Two broad camps have emerged among consumers as prices and bills have soared over the winter, although everyone's financial situation is different.

Banks say that millions of people had built up a savings buffer during Covid lockdowns and have kept their jobs, which had helped to accommodate the rising cost of living. They have also cut back on various elements of spending to help their situation.

The second group do not have that luxury and, although they may be working, could have already been in financial difficulty.

Mr Regnier, from Santander, said that he had not seen a big increase in the number of customers that are falling behind on the debts nor a big increase in the amount that people are borrowing.

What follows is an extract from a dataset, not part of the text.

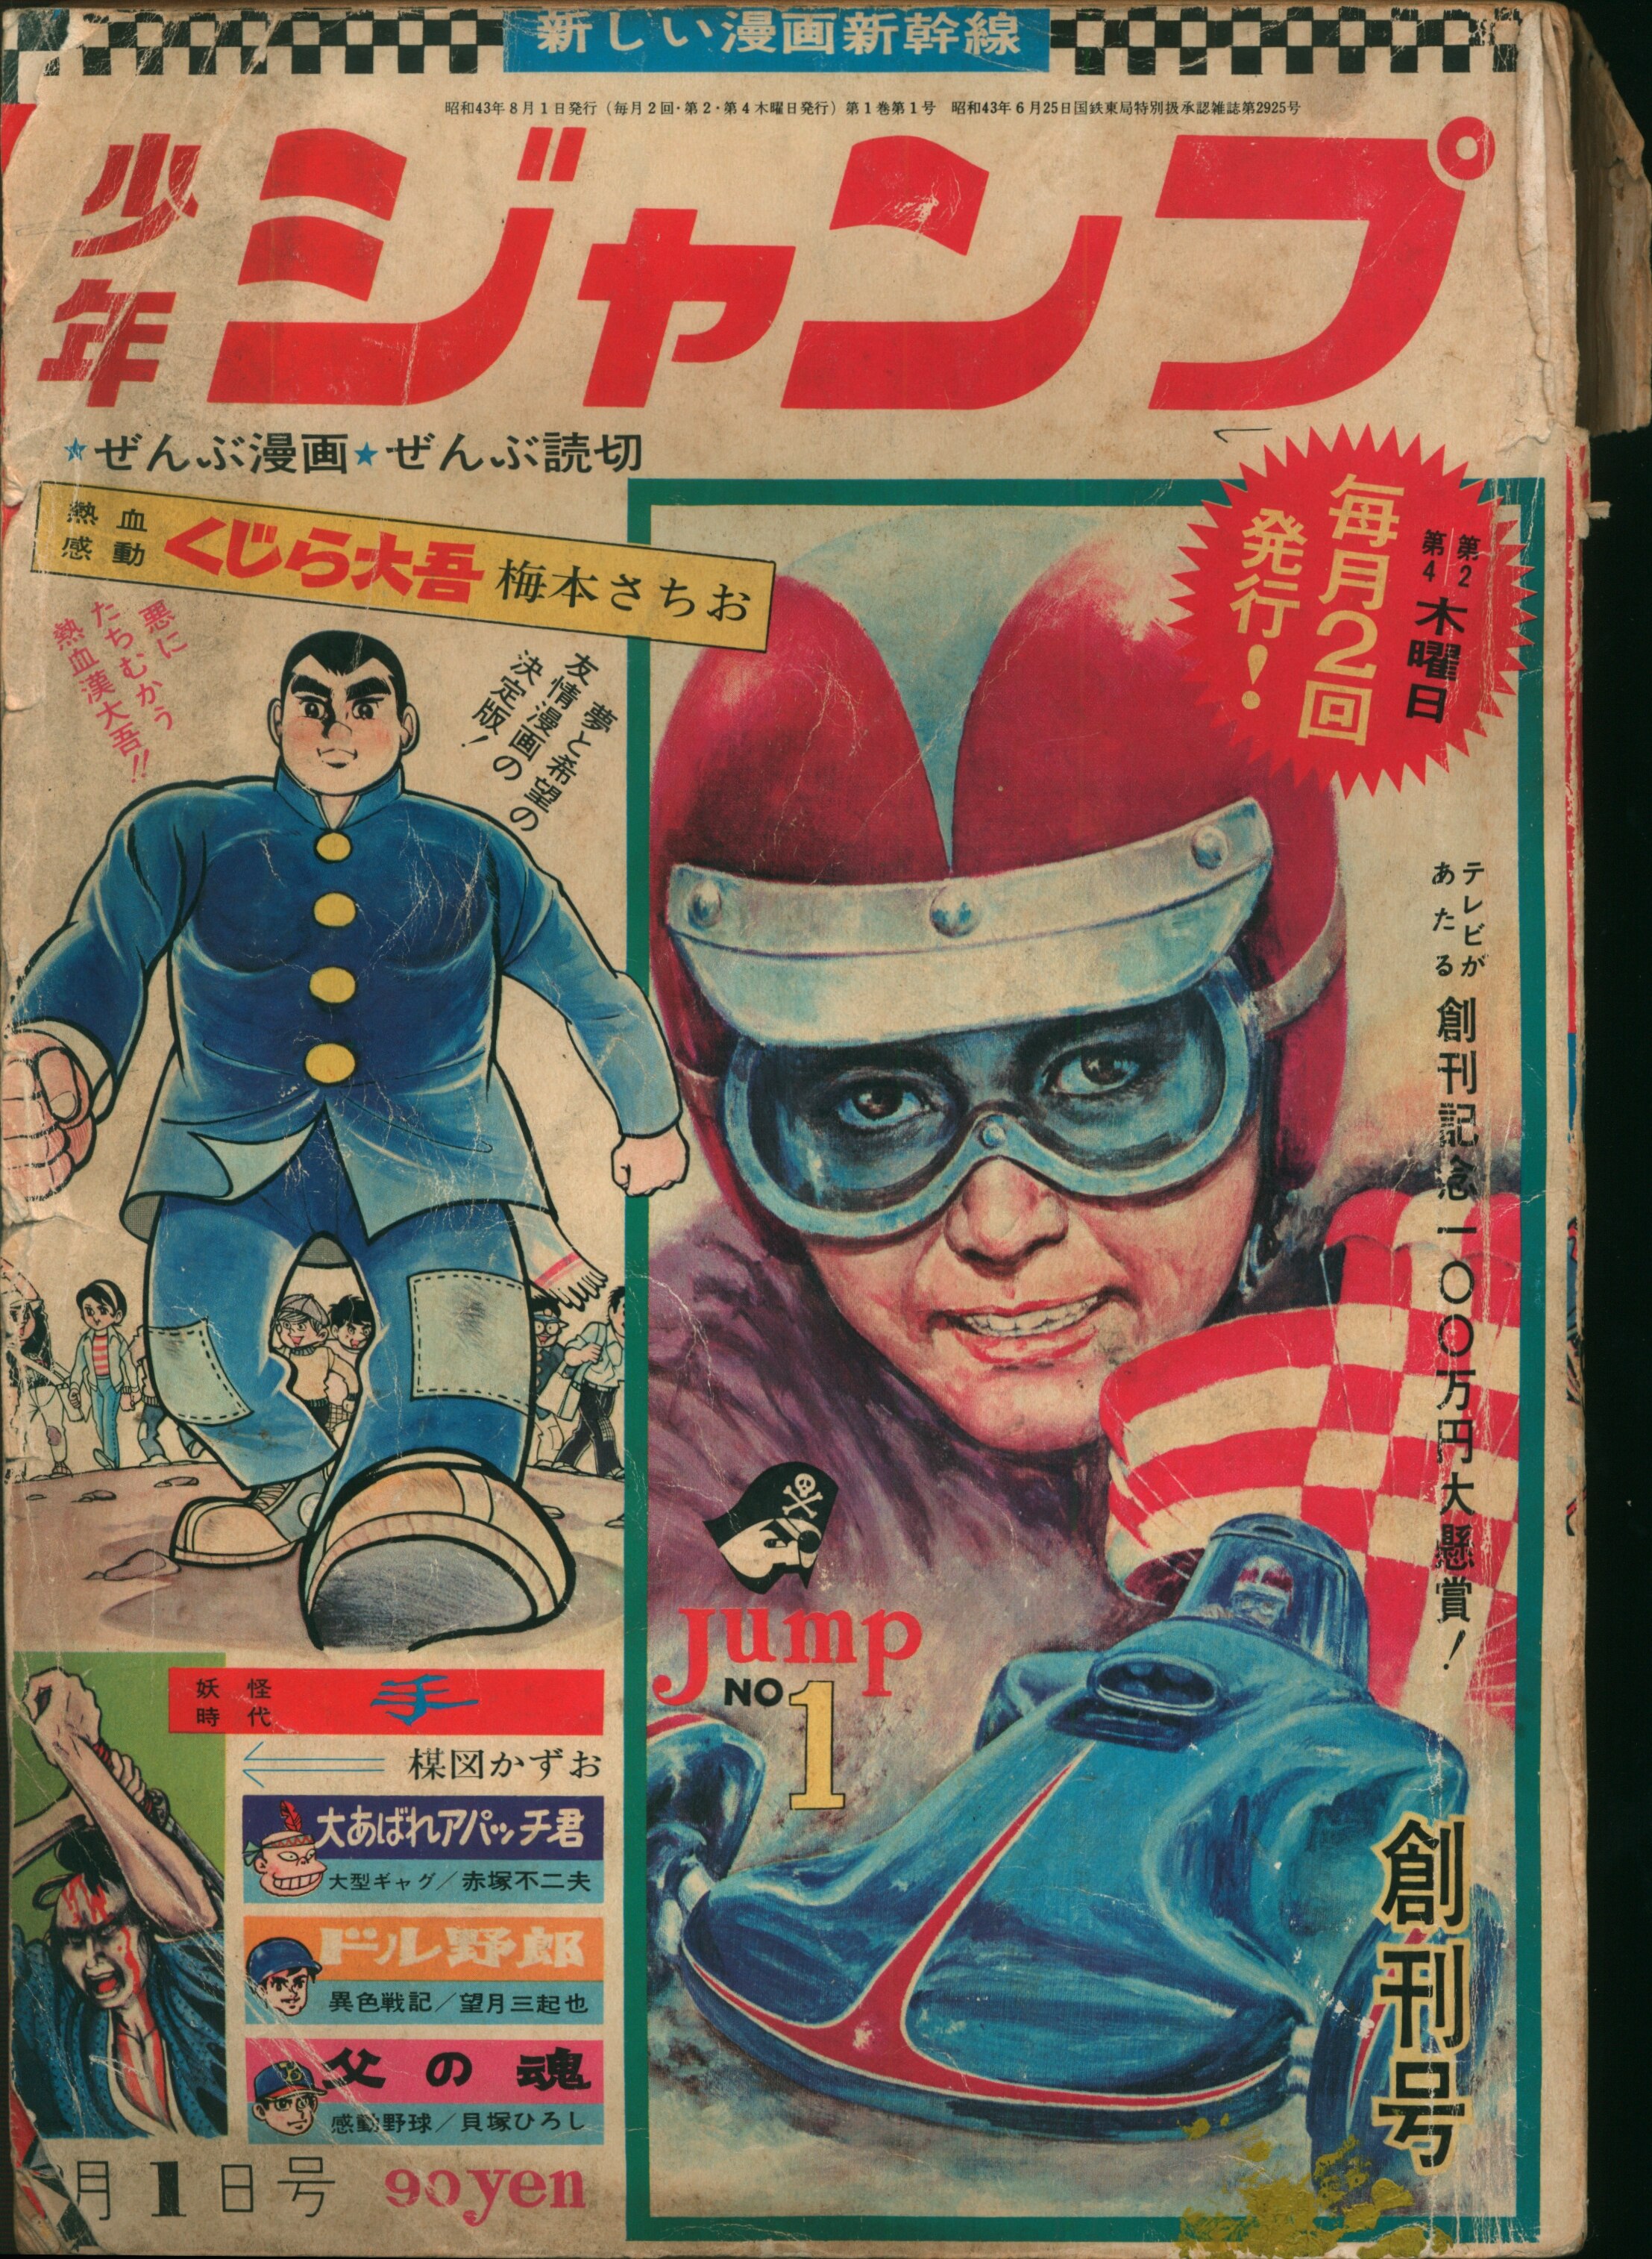 集英社 1968年(昭和43年)の漫画雑誌 週刊少年ジャンプ 1968年(昭和43年
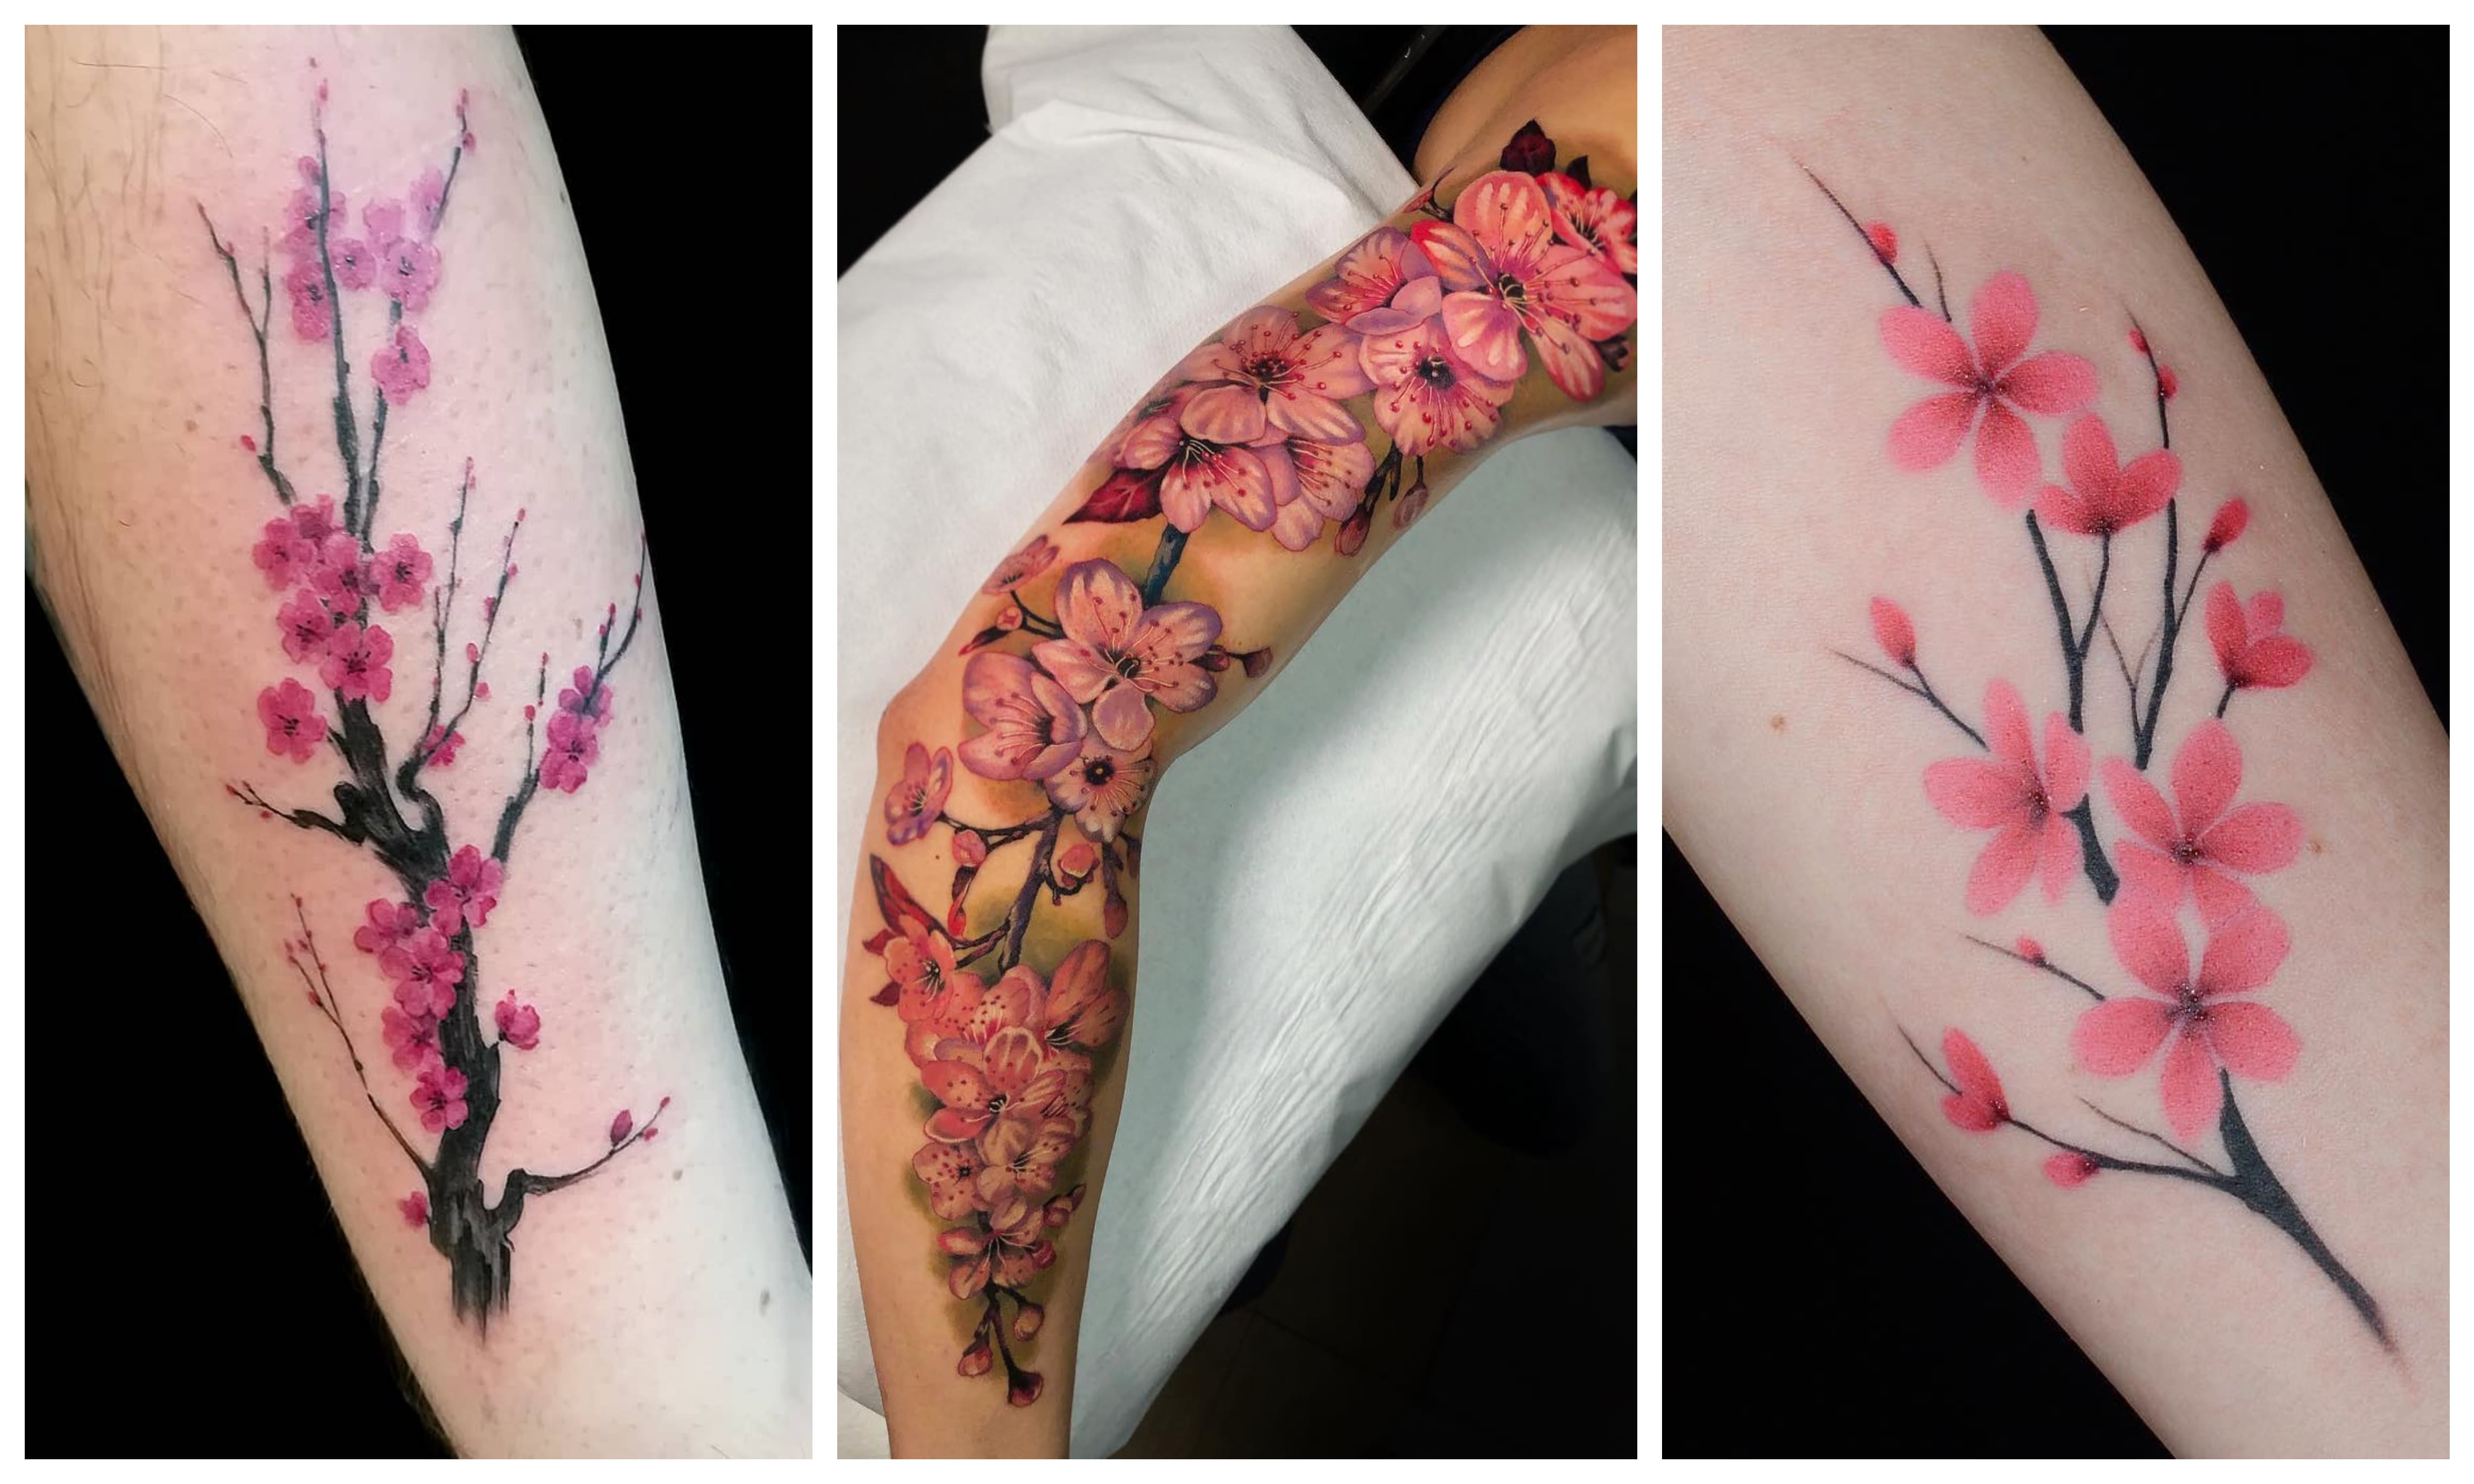 Тату сакура: частичка японской культуры в татуировках

For instance with mortgage payments, there are still fewer customers in arrears than there were before the pandemic.

Around 60 customers a month are referred to PayPlan, the free debt advice group funded by all the banks and the credit industry.

Among those who has received help is Zack Wilson, from Sheffield.

After losing his partner to cancer, he found his money problems spiralled. He lost freelance work, had to move house and had unexpected bills to pay.

Soaring energy and food bills were the final straw, leading to what he describes as a "sheer fear of thinking, what will happen? I've not got enough money to last".

"I didn't realise how precarious life could be," he said.

Last year he went through an Individual Voluntary Arrangement (IVA), a form of insolvency proceedings, He found that being able to communicate online and on WhatsApp with advisers made a huge difference.

"I'm not the kind of person who finds it easy to ask for help but I'd urge anyone to do it, don't shy away from it - bite the bullet," he said.

He is now a union rep alongside working at Sheffield City Council. He is still struggling with the money he has to live on but he can see light at the end of the tunnel.